Protein polarization driven by nucleoid exclusion of DnaK(HSP70)-substrate complexes.

Scientific Fields
Diseases
Organisms
Applications
Technique

Published in Nature communications - 23 May 2018

Collet C, Thomassin JL, Francetic O, Genevaux P, Tran Van Nhieu G

Link to Pubmed [PMID] – 29795186

Link to DOI – 10.1038/s41467-018-04414-2

Nat Commun 2018 May; 9(1): 2027

Many bacterial proteins require specific subcellular localization for function. How Escherichia coli proteins localize at one pole, however, is still not understood.

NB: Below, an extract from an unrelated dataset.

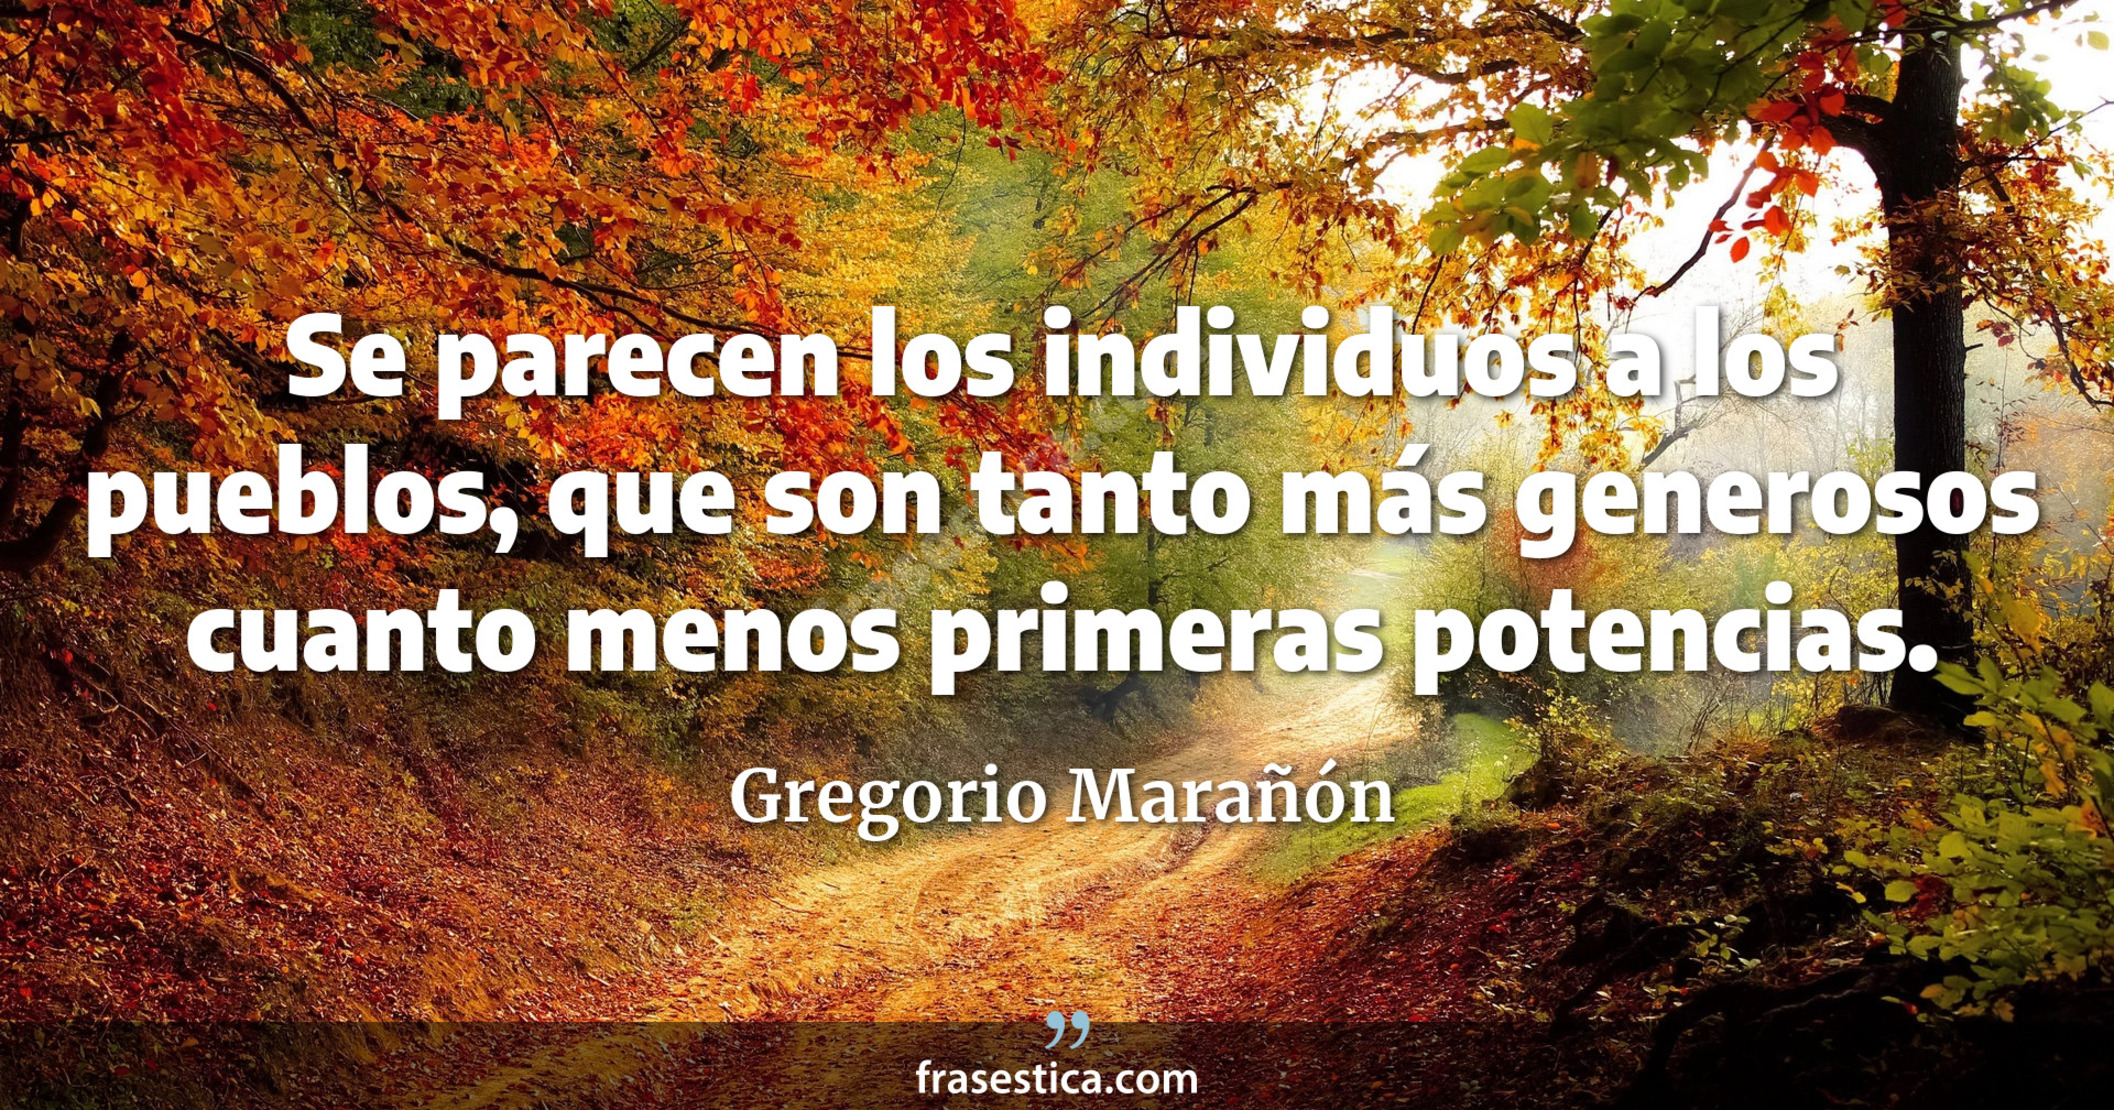 Se parecen los individuos a los pueblos, que son tanto más generosos cuanto menos primeras potencias. - Gregorio Marañón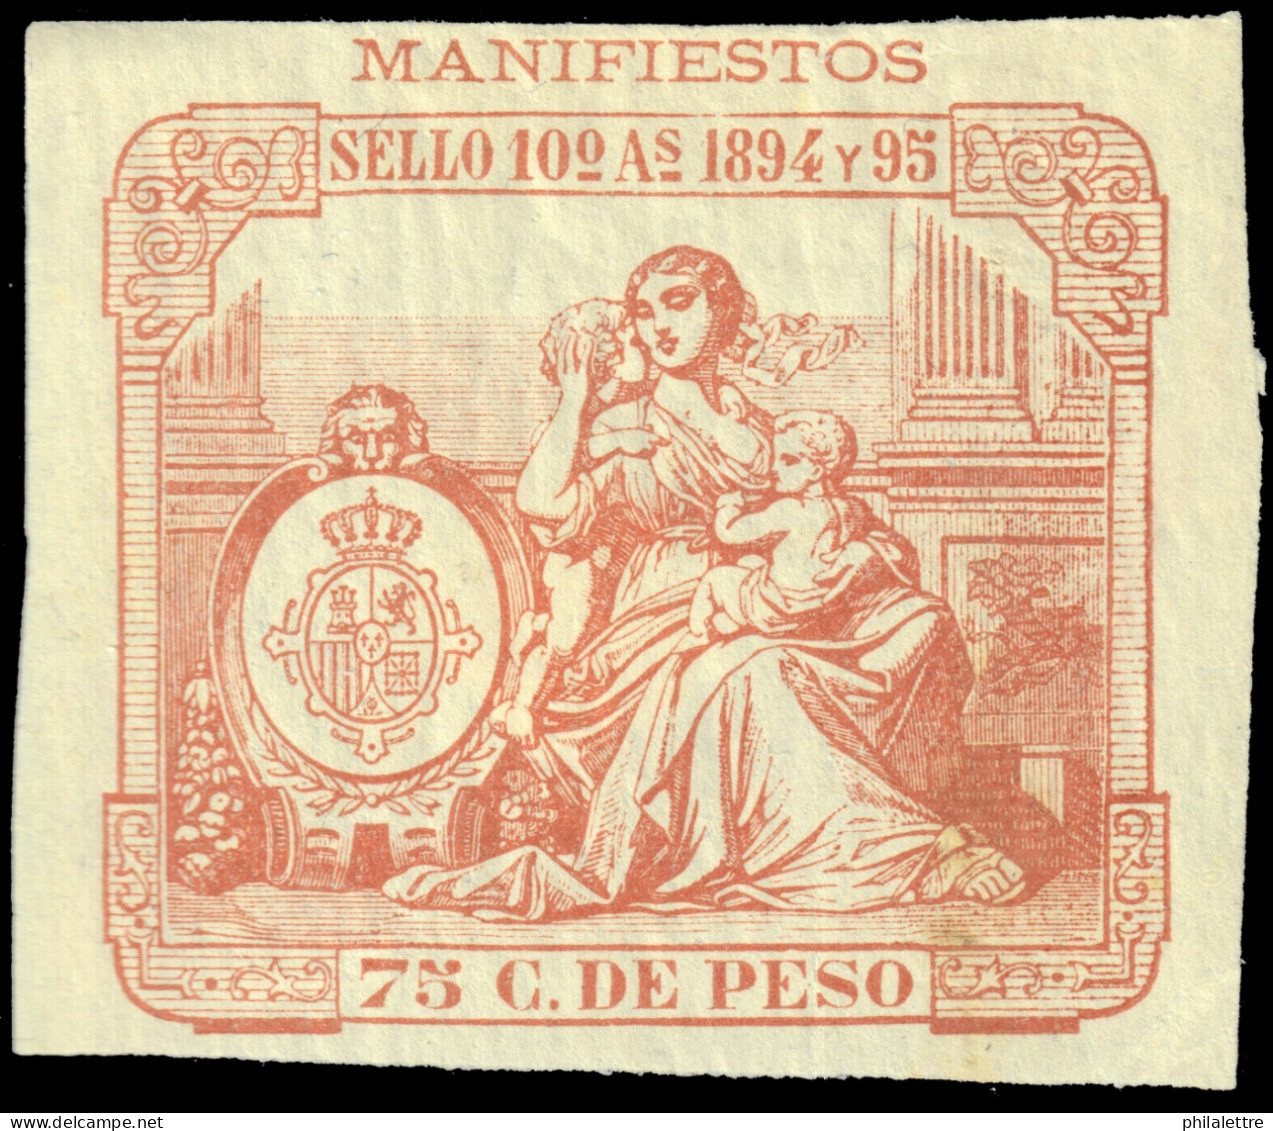 ESPAGNE / ESPANA - COLONIAS (Cuba) 1894 "MANIFIESTOS" Fulcher 1027 75c Naranja - Nuevo* - Kuba (1874-1898)

Here, we show that the DnaK (HSP70) chaperone controls unipolar localization of the Shigella IpaC type III secretion substrate. While preventing the formation of lethal IpaC aggregates, DnaK promoted the incorporation of IpaC into large and dynamic complexes (LDCs) restricted at the bacterial pole through nucleoid occlusion. Unlike stable polymers and aggregates, LDCs show dynamic behavior indicating that nucleoid occlusion also applies to complexes formed through transient interactions. Fluorescence recovery after photobleaching analysis shows DnaK-IpaC exchanges between opposite poles and DnaKJE-mediated incorporation of immature substrates in LDCs. These findings reveal a key role for LDCs as reservoirs of functional DnaK-substrates that can be rapidly mobilized for secretion triggered upon bacterial contact with host cells.